The more the merrier at dim sum breakfast in Hong Kong

Dim sum, the Cantonese equivalent of breakfast, is a way of life in this British crown colony among Westerners and Chinese alike. You need friends to really enjoy this centuries old tradition. The more people, the more kinds of dim sum you can sample.

Dim sum is not found at just any Chinese restaurant, but at special dim sum parlors. Dozens of these are scattered throughout Hong Kong or its mainland section, Kowloon, and they vary in decor as well as in character.

Once you are seated, a trolley comes by stacked with several bamboo steamers with dim sum inside. You look, then nod or point to those you like and are served a small saucer with three or four identical tidbits on it.

Almost instantly a second waiter rolls his trolley by or carries a tray for your inspection, then another and another, all different.

It isn't uncommon to have 75 to 100 kinds - from shrimp- and pork-filled dumplings to tiny barbecued spare ribs, stuffed crab legs, and custard tarts.

To figure your bill, the waiter counts your empty saucers, charging one price for round ones, another for oval platters. An average dim sum meal for two might cost $6 to $8.

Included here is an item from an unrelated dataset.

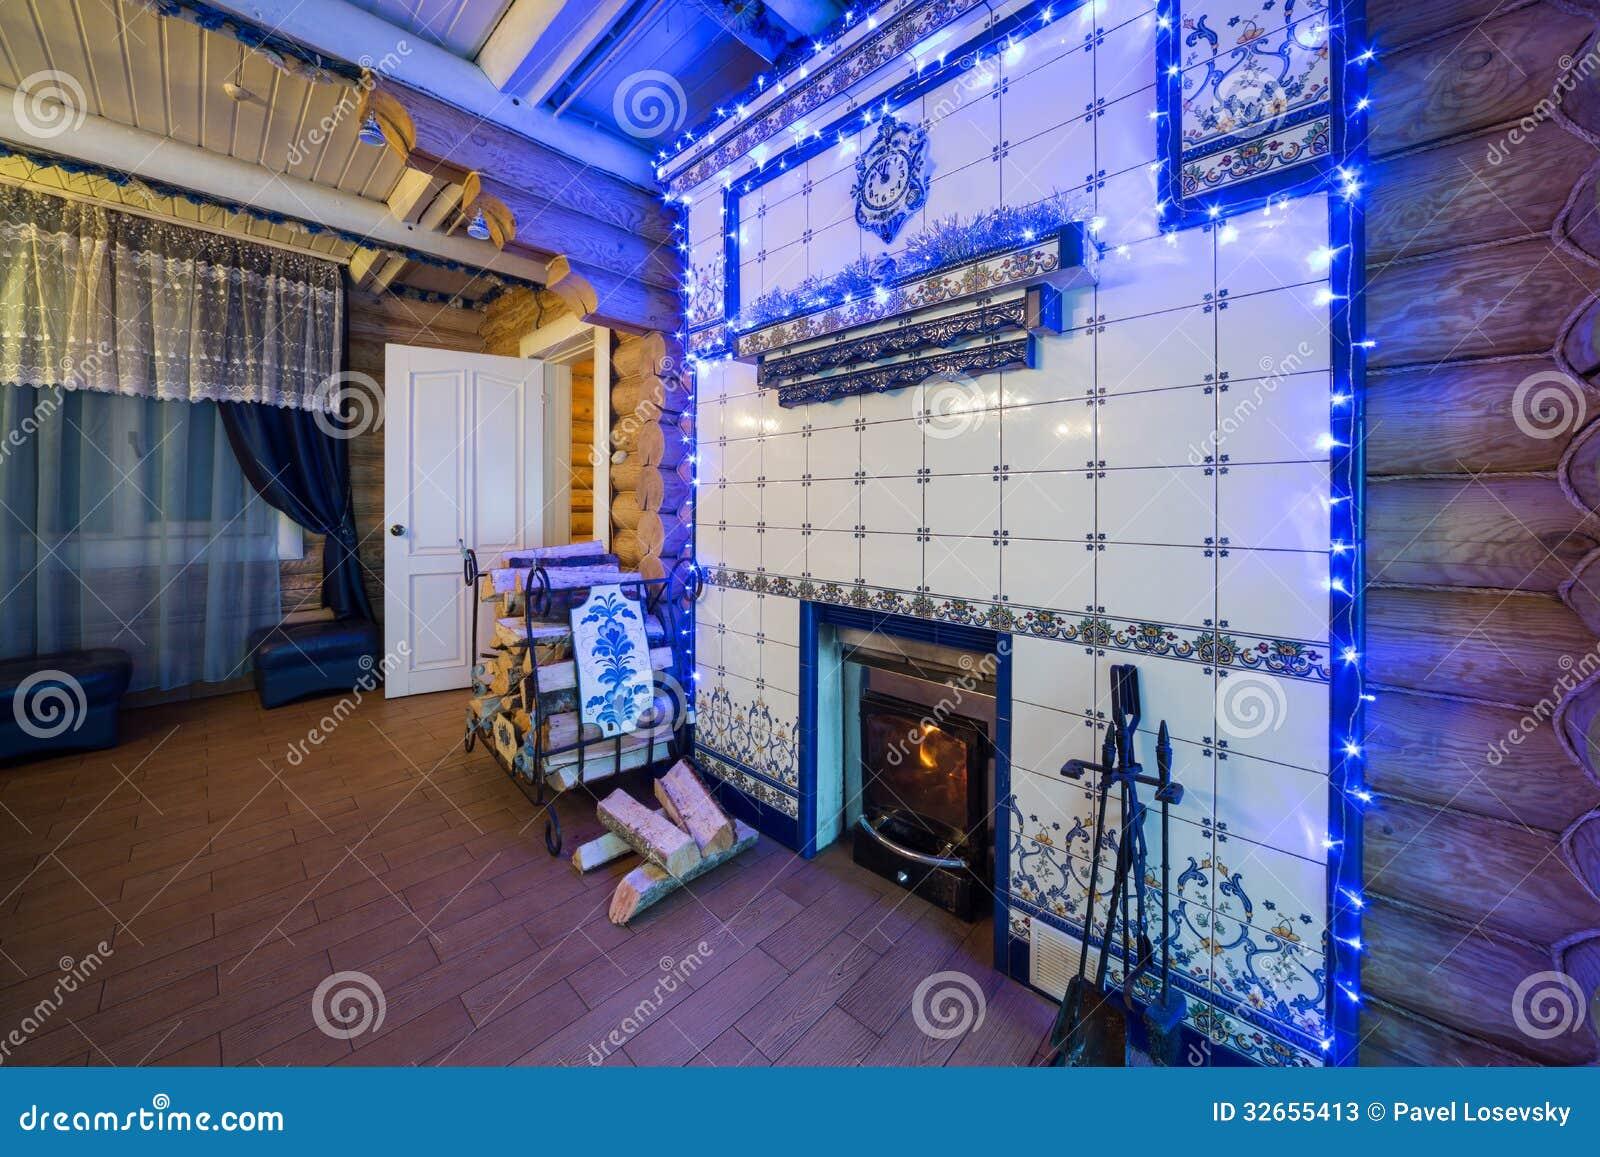 L 39 interno accogliente di una casa di campagna con un - Interno di una casa ...

Some unusual Chinese favorites are duck's web with ginger and oyster sauce, steamed tripe in black bean and chili sauce, or barbecued chicken feet.

Here is a popular one that can be made at home. Steamed Pork Buns (Cha Siu Bau) Pastry: 1 1/4 cups flour 3/4 cup boiling water 1/8 cup cold water Filling: 2 shiitaki mushrooms Warm water 1 1/4 cups (10 oz.) cooked pork, minced 1 whole scallion, minced 2 sprigs fresh parsley 1/2 teaspoon salt 1 teaspoon sugar 1 teaspoon light soy sauce 1 teaspoon sesame oil 1 teaspoon oyster sauce 1/4 teaspoon black pepper 1 teaspoon cornstarch 2 teaspoons water Lettuce leaves

Sift flour in large bowl; add boiling water and mix well. Spread mixture on a lightly floured wood board and knead into soft dough. Use cold water to keep kneading hand unstuck. Knead into a long wide strip, French bread-shaped. Set aside.

Soak dried shiitaki mushrooms in warm water until soft, or use fresh mushrooms if shiitaki are unavailable. Mix mushrooms together with minced pork in a large mixing bowl. Add scallions and chopped parsley.

Mix well, then add salt, sugar, soy sauce, sesame oil, oyster sauce, and pepper. Mix thoroughly.

In separate bowl, add cornstarch to water and mix until it forms a smooth paste. Add to pork mixture. Pound mixture until it is well blended together.

Divide long roll of dough into 30 equal parts. Roll each to form a thin round , about 3 inches in diameter.

Hold round of dough in one hand and put 1 tablespoon of filling in punched-down center.

Pinch edges of dough together on top like a pouch. The shape should be that of a round bun. Fill all 30 rounds.

Place buns on lettuce leaves in bamboo steamer. Leaves will prevent sticking and are unnecessary in a metal steamer. Steam, covered, over boiling water 10 minutes. Serve piping hot. Makes 30 buns.